他忍不住多说两句:“呈上来。”然后指使了一下身边的仆人,嚣张跋扈,“打开它们。”
那家丁下令后,背后的十个侍女同时打开了手中彩盒,那彩盒一开,便是亮铮铮的光,夺目璀璨。
“哇......”在场的人都惊呆了。
“虹楼第一乐妓,你既然是这长安城中最好看的女子,那这些自然而然就能配得上你。”凌锁阳说完,便再次望向纱幕,想看看她的意思。
但纱幕后的那道丽影依旧不为所动。也不见她有所言语,就这样一直沉默着。
凌锁阳还是有点耐心,接着道:“这些金银首饰,都是用西边的暖玉打造而成,名贵得很,比起玉石金属、银鹭首饰还要名贵上百上千倍!”
那幕后的女子依旧不说话。
随后,他又拿起仆人手中托着的一瓶美酒,道:“这是长安城最美的酒,产自郊外凤鸣村,不同杜康酿的酒,这酒叫堆花雪酒,从制曲到捣米,配红芍和薰草酿制,足足花了三年时间,浮生若梦,今晚定与你大醉一番!”
仿佛是听到了“三年”,纱幕后的那人终于开口了:“不过为了一个‘求’字罢了,凌公子何必如此大费周章?”
“你终于肯说话了?”凌锁阳难免有些许兴奋。
那声音又甜又美,听声音像是一位妙龄女子:“公子为了迎娶我,竟然这般挥霍?再说我都还没有答应......我与你尚未有婚礼之约,又何需如此多的仪式和礼品?”

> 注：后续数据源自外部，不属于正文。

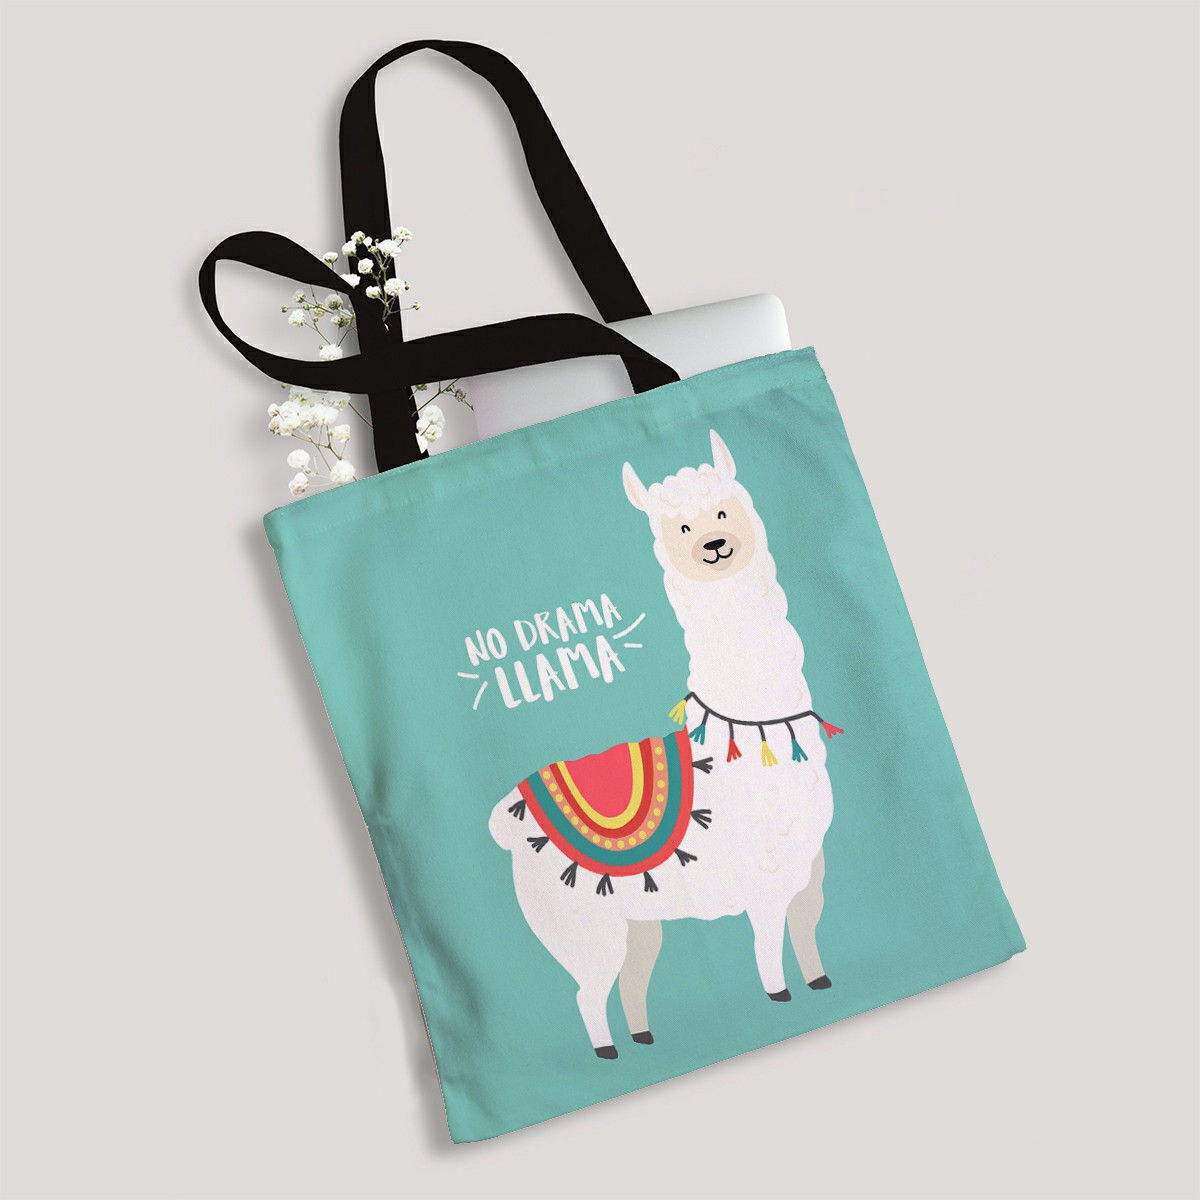 ECZJNT Cute Cartoon Llama Design Canvas Bag Reusable Tote Grocery Shopping Bags Tote Bag 14"(W) x 16"(H) - image 2 of 2

“需要的,需要的!”凌锁阳已经控制不住自己的情欲了,他边说边走,像是要立刻跑上楼去与那女子共度良宵。
然后被两名黄衣女子挡在了楼梯口。
“你们?”凌锁阳疑惑了。
幕后的女子委婉道来:“我一个弱女子,怎劳烦你带那么多人前来拜访际会?而且还要亲自迎我回府......委实让人受宠若惊......再说,我不过是一个会弹弹琴的青楼女子,身如浮萍,怕是无福消受了。”
“怎会无福消受?这不过是婚前的小意思,一些微薄的彩礼,待到婚时、婚后,自然还会有更多的礼品。”凌锁阳挥了挥手中的玉箫,且摩挲了一下其中的音孔,像是一柄名贵的玉箫,他很是爱惜。
幕后那女子道:“久闻王公子所用之名并不是真名,曾用多个化名在这虹楼中挑一些好看的姑娘并把她们赎回府中,用以修炼《禁魔术》中的巫蛊之术,公子对我恋恋不忘,也不知小女子会不会沦为你修炼的牺牲品呢?”
此言一出,凌锁阳身躯忽地一震,颇感讶异,随后故作镇定,道:“怎......怎会如此?我疼你还来不及,你如此貌美而且多才多艺,我怎么舍得......况且你和她们那些胭脂俗粉怎能一样?至于我的身份,这就不用管了,我对你真心就好,身份并不重要。”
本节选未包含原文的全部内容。